Consciously or unconsciously, the other branches of government have come to rely on judges to avoid absurd or undesirable results through creative

interpretation of the law.

Thus, it is more and more usual to find statues written in murky language, as if designed to hide the intent of the legislature. Or, one finds language that appears to be clear on its face but that is contradicted by equally clear language elsewhere in the same statute or in the legislative history.Or, one finds language of such generality that the courts, in interpreting it, must provide the policy content that is otherwise missing.

The reasons for this phenomenon are no secret. Sometimes legislators agree on a particular meaning but fail to express it correctly or precisely because of poor draftsmanship.

More often, however, the use of imprecise or misleading language becomes a tool of legislative compromise. It avoids the difficult political choices that have to be made where a statute is drafted clearly.

When statutory language is subject to varying interpretations, all sides can claim victory, in the hope that the courts will eventually adopt their position. So they agree to disagree and then try to shade the process of

interpretation by sprinkling the record with contradictory snippets of legislative history.

This is not, in my view, a healthy process. Whether it results from poor draftsmanship or by intent, when the legislative and executive branches of government pass statutes that are devoid of objective content, they abdicate their responsibility to make the law.

Under our system of government there is, of course, good reason why law is to be made by elected officials and not the judiciary: If legislation is to conform by and large to popular will, it should be shaped by those who have to stand for re-election and not by those who are shielded from the political process by life tenure.

Legislators are able to escape popular wrath for unpopular legislative choices by agreeing to language that is nebulous and then bashing the courts as activist when they adopt a meaning that turns out to be politically inconvenient.

This process also has unhealthy effects on the judiciary.
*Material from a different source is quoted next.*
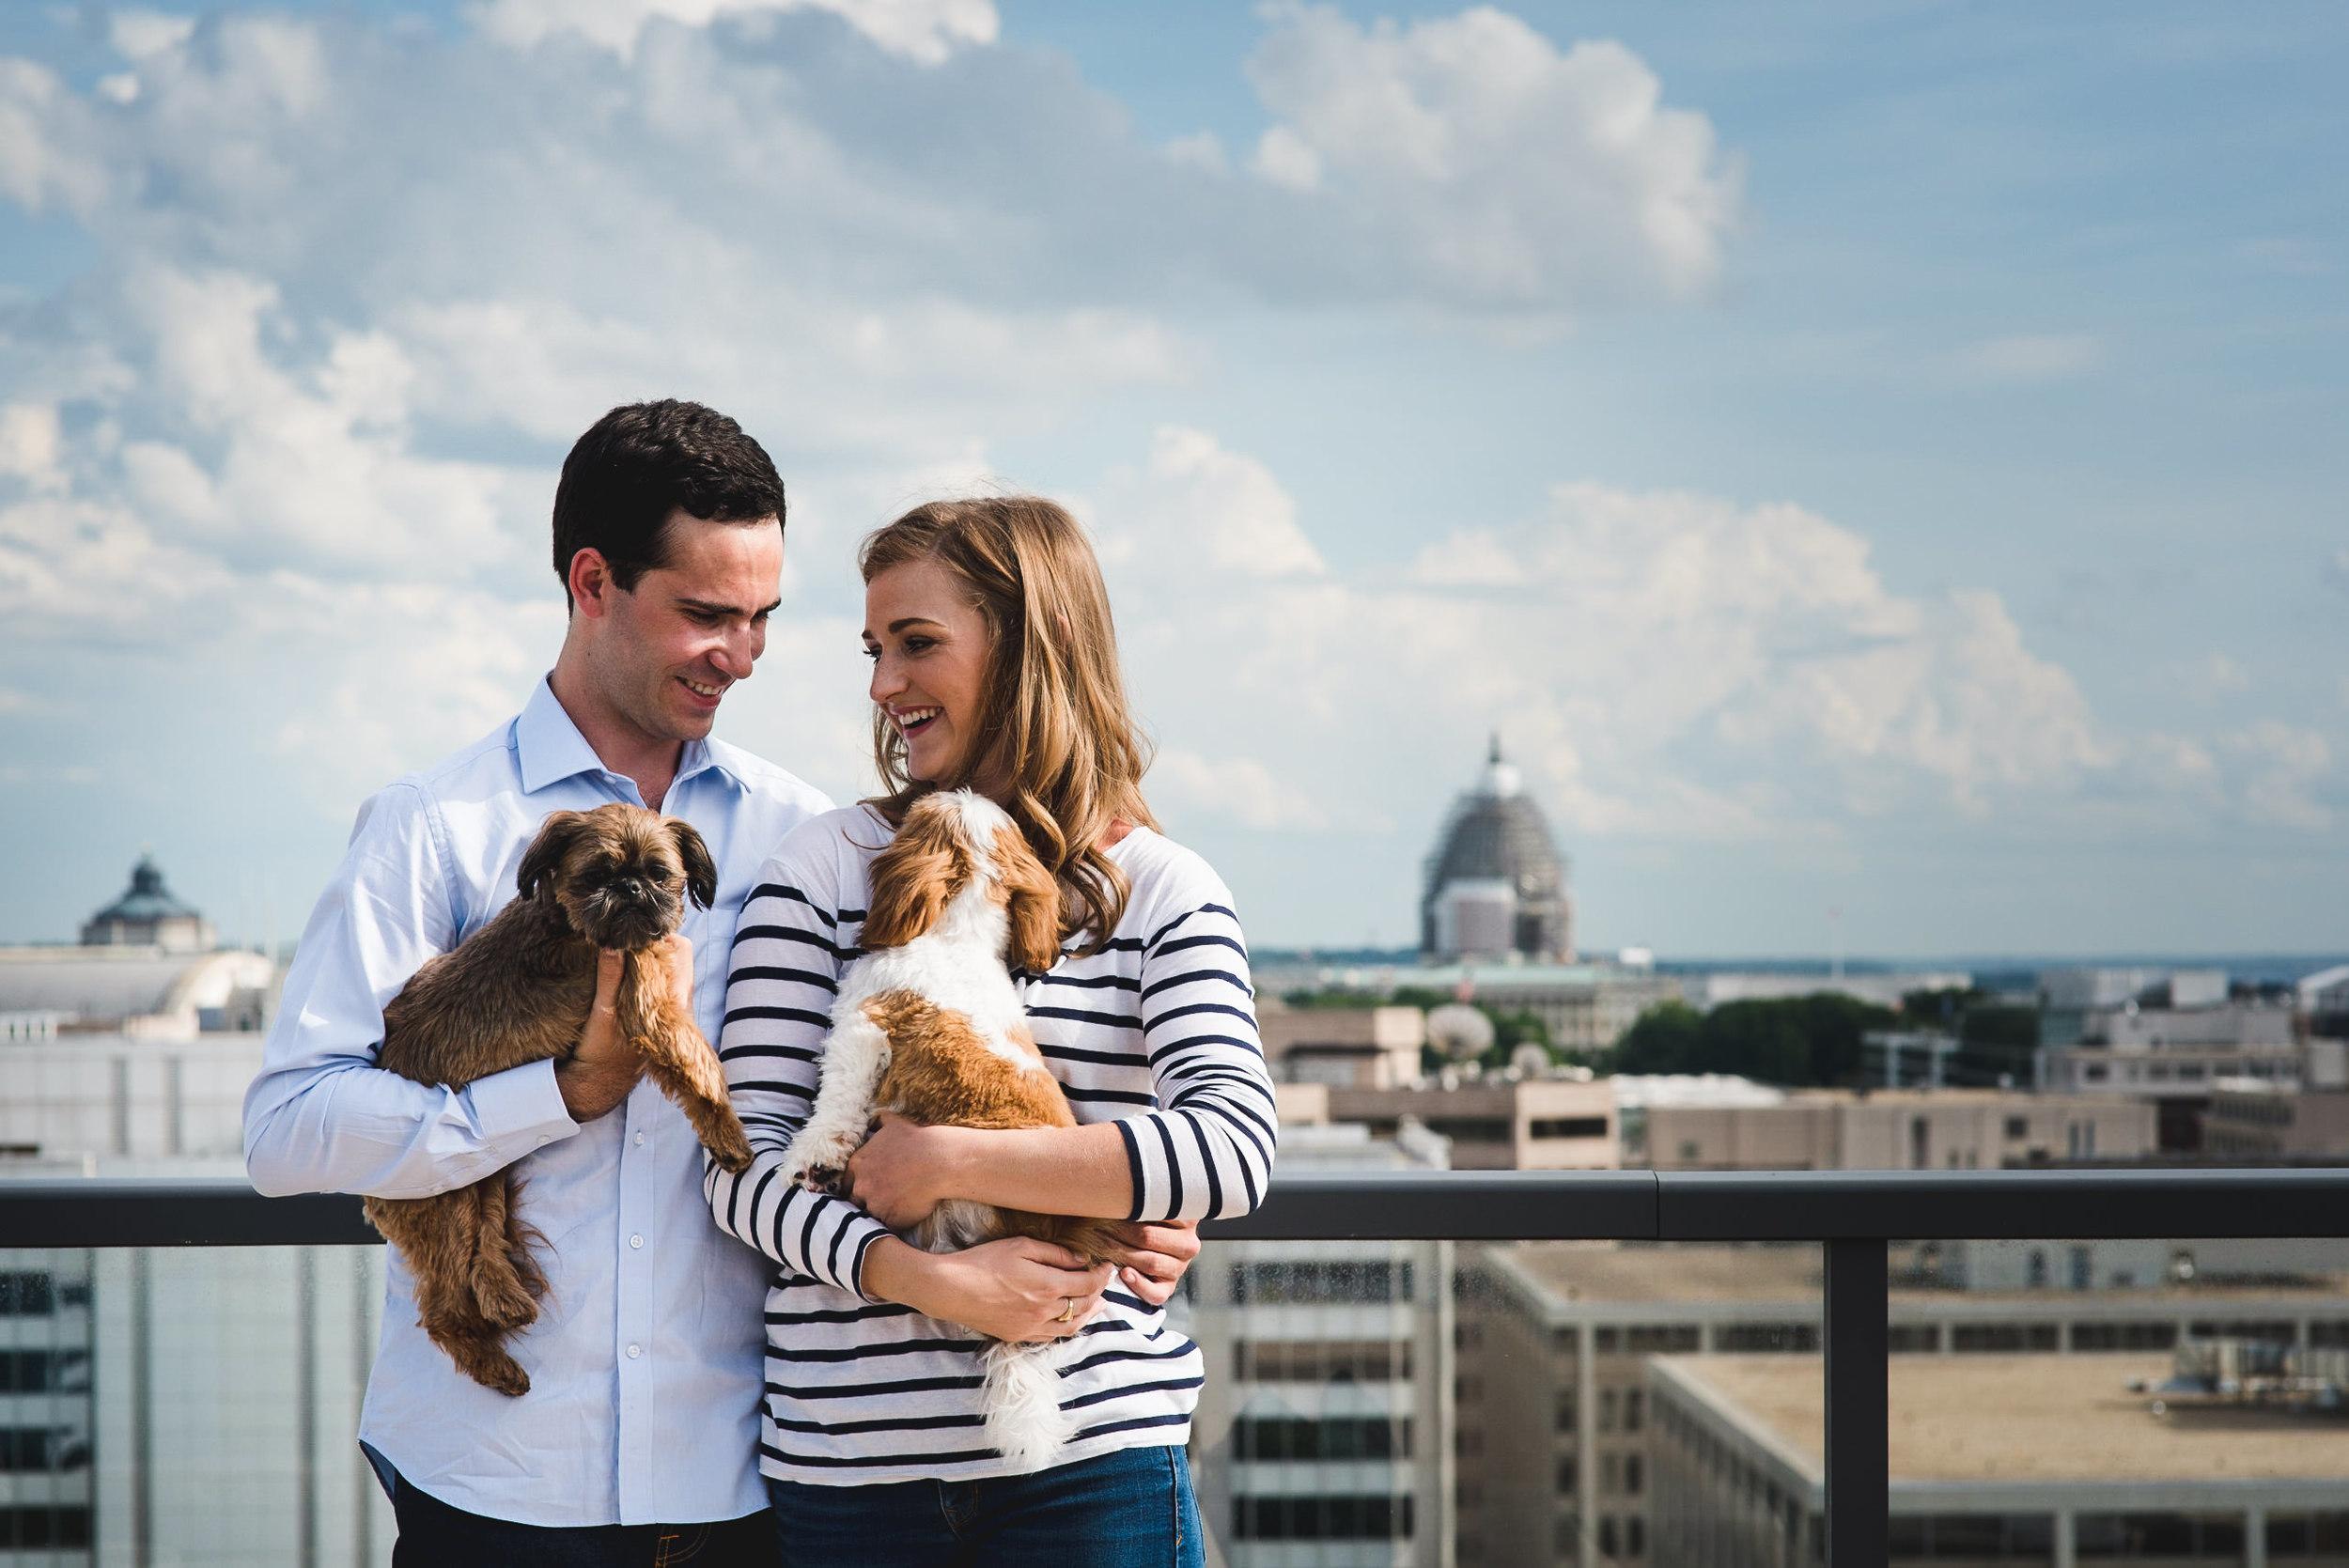 Best Washington DC Engagement Photographer Mantas Kubilinskas.jpg

As I noted before, the process of making law through judicial decision is a seductive one. It is very tempting to use creative interpretation to cure a variety of ills, from poor legislative draftsmanship to more substantive problems in our society.

By constantly dealing with statutes that mean little or nothing on their face, or whose plain meaning is undercut by legislative history, judges and lawyers tend to forget that statutory language is the principal or even dispositive index of the legislative will.

It is disconcerting to note how frequently I see briefs that start an argument with reference to the legislative history and go on to discuss policy, overlooking the statutory lan guage altogether.

By and large courts have done their best to deal with this abdication of responsibility by the other branches of government, interpreting murky language, supplying policy content and reconciling conflicts between statute and legislative history.

But in so doing, they have been abetting a process that undermines our tripartite system of government and that brings the judiciary into disrepute.

I am personally convinced, for example, that the current controversy over whether judges are too activist is due in large part to this phenomenon, and not to an inherent tendency of judges to grab power.

The solutions to this problem, if one agrees it is a problem, are not easy, and full resolution may not be possible. In my view, however, courts have a responsibility to resist the legislative sleight of hand that shifts the policy debate from the floor of Congress to the well of the courtroom.

One possible technique is to interpret statutory language as written, regardless of what might be dire consequences. The Supreme Court did so in TVA vs. Hill, where construction of the Tellico Dam was halted to avoid destruction of the Snail Darter, a tiny fish.

While the case caused much hand-wringing at the time, it squarely placed responsibility for the result - desirable or not - on Congress where it belonged.

One can only wonder what would have happened if the courts had interpreted Section 1 of the Sherman Antitrust Act in the same straightforward fashion. That section, as you may recall, prohibits all combinations and conspiracies in restraint of trade, using language that literally covers all contracts.

The courts looked at that language and decided that it could not mean what it said and therefore read the word "unreasonable" into the section. By so doing, the courts agreed to provide policy content to a statute that had none.

Whether one is happy with the development of antitrust law over the past century or not, the fact remains that it is largely judge-made law, an abdication of legislative will.

Another possible way of dealing with this problem is to refuse to give effect to legislation where there is significant doubt as to whether the participants in the enactment process in fact had a meeting of the minds.

This is a blunt tool and ought to be used with some care. But it is not that rare to run into a statute that is seriously internally inconsistent, or where clear statutory language is contradicted by equally clear language in the legislative history.

Such instances are disturbing because they raise serious doubts whether all of those who, under our Constitution, are supposed to assent to legislation, in fact were agreeing to the same thing.

What if there is significant proof that they did not? Does the product of their efforts still become law?

Early in the first year of law school law students are taught a case involving a contract for cargo to be delivered on a ship called the Peerless. It turns out there were two ships Peerless and the buyer and seller each had a different one in mind when they made the contract. The court in that case held that no contract was created because there was no meeting of the minds.

This is pretty much black-letter contract law. Ought legislation, which has effects far graver than private contracts, be given effect where there was no meeting of the minds of all those necessary to make it law?